We use cookies. Read the Privacy and Cookie Policy

Введение: принципы сталинской внешней политики

Нет особых оснований считать, будто Сталин в своей внешней политике следовал догме и существует прямая связь между воинственной программой ленинской работы «Империализм, как высшая стадия капитализма», задуманной в 1915 г. в Швейцарии во время Первой мировой войны, и предполагаемым сталинским планом революционной войны 1941 г., якобы определявшим эту политику. Для первого послереволюционного десятилетия была характерна динамичная переориентация внешней политики. Большевики столкнулись с огромными трудностями в своих попытках примирить два взаимоисключающих фактора: программную задачу распространения революции за пределы России и повседневную задачу выживания в установленных границах. С самого начала советскую внешнюю политику характеризовал постепенный, но неуклонный переход от непримиримой вражды к государствам с капиталистическим строем к мирному сосуществованию, основанному на принципе взаимной целесообразности. Сначала это трактовалось как тактический, причем временный ход. Однако объявленная временная новая экономическая политика (НЭП) стала лишь первой в длинном ряду «мирных передышек» под различными идеологическими вывесками: «социализм в одной стране», «единый фронт», «народный фронт», «оттепель», «разрядка» и, совсем недавно, «гласность». Все большее растягивание этих «переходных» периодов вызывало постоянное и неуклонное размывание идеологической составляющей советской внешней политики.

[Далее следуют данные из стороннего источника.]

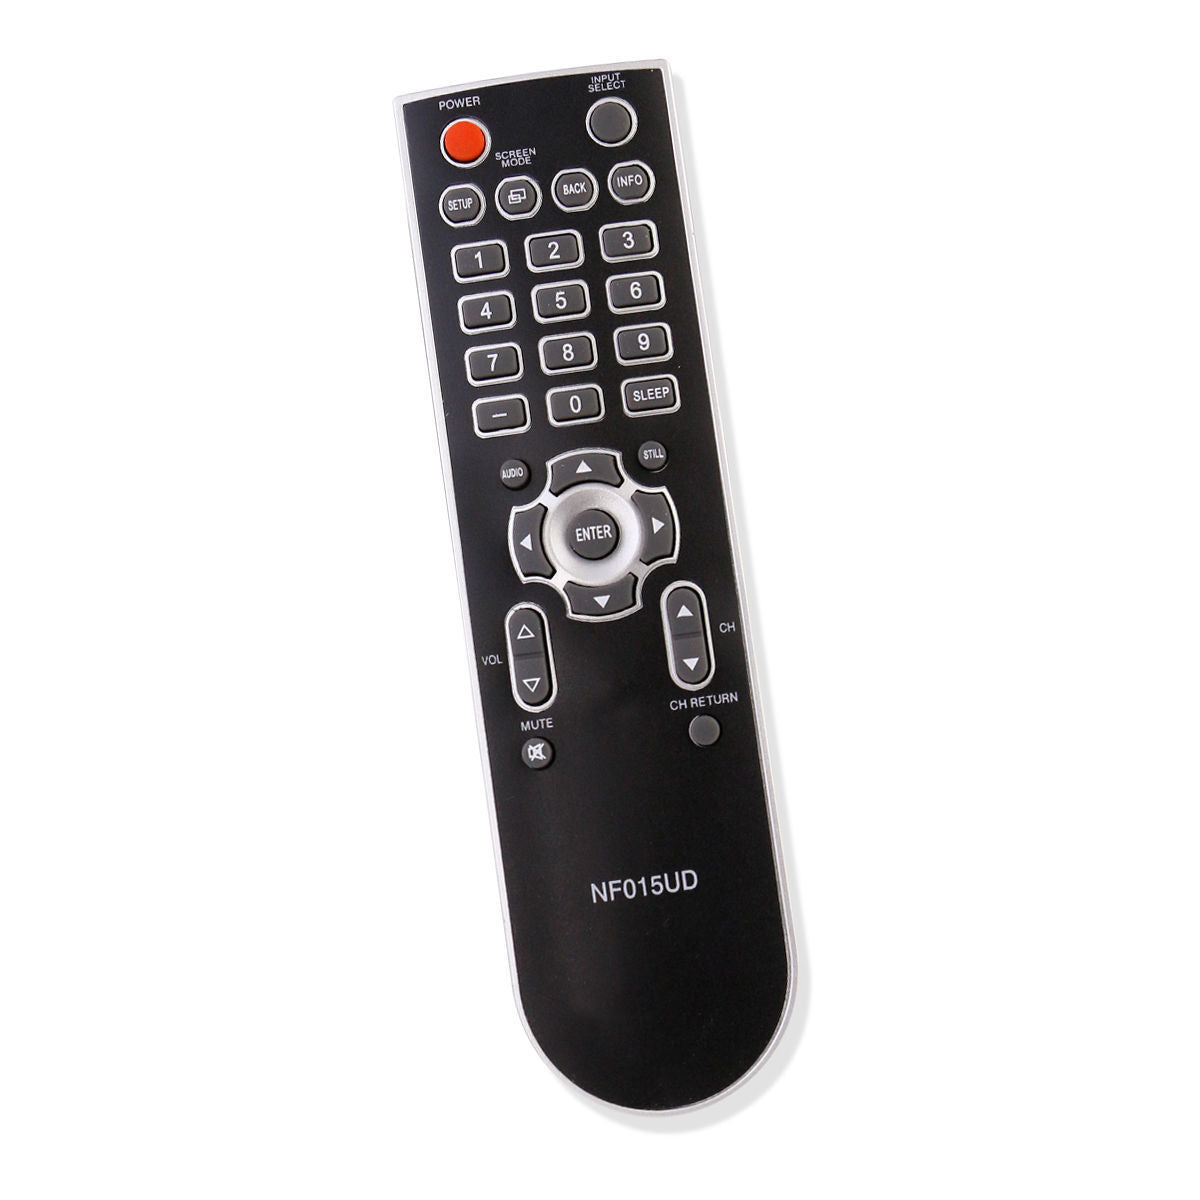 New Remote Control NF015UD NF020UD for Emerson Sylvania TV LC320EM8 LC420EM8

К 1926 г. чиновники Форин Оффис признали «сильного, сурового, молчаливого» Сталина бесспорным лидером коммунистической партии. «Неудивительно, — замечали они, — что поражение фанатичной большевистской оппозиции означает внешнюю политику, использующую "внутренние ресурсы"»{21}. Контраст между заявлением Троцкого при его назначении первым народным комиссаром иностранных дел, что его задачей будет «выпустить несколько революционных прокламаций, а затем прикрыть лавочку»{22}, и впечатлениями британского Форин Оффис отражает перемены, произошедшие в советской внешней политике за первое послереволюционное десятилетие. Первоначальная уверенность, что международные отношения и официальное признание несущественны в мире, сотрясаемом революцией, сменилась, начиная с конца 1921 г. и особенно после 1924 г., трезвым осознанием необходимости достичь modus vivendi{23} в отношениях с внешним миром. Коминтерн также пытался совместить свою идеологическую линию с национальными интересами. В начале 1924 г. его V Конгресс неохотно признал наступление «эры стабилизации капитализма» и заявил о переориентации действий коммунистических партий и народных фронтов на защиту России{24}. Опыт этих лет показал, что вряд ли можно сохранять двойственность, не нарушая национальные интересы России. Желание Сталина скорее вести умеренную дипломатию, чем поощрять идеологическое рвение, выразилось в замене Г.Чичерина на посту наркома иностранных дел М.Литвиновым, представителем западной ориентации в Наркоминделе, официально — в 1928 г., фактически — двумя годами раньше. Несмотря на разницу в складе характера, темпераменте и социальном происхождении, и Литвинов, и Сталин исповедовали благоразумный и прагматичный подход к иностранным делам{25}.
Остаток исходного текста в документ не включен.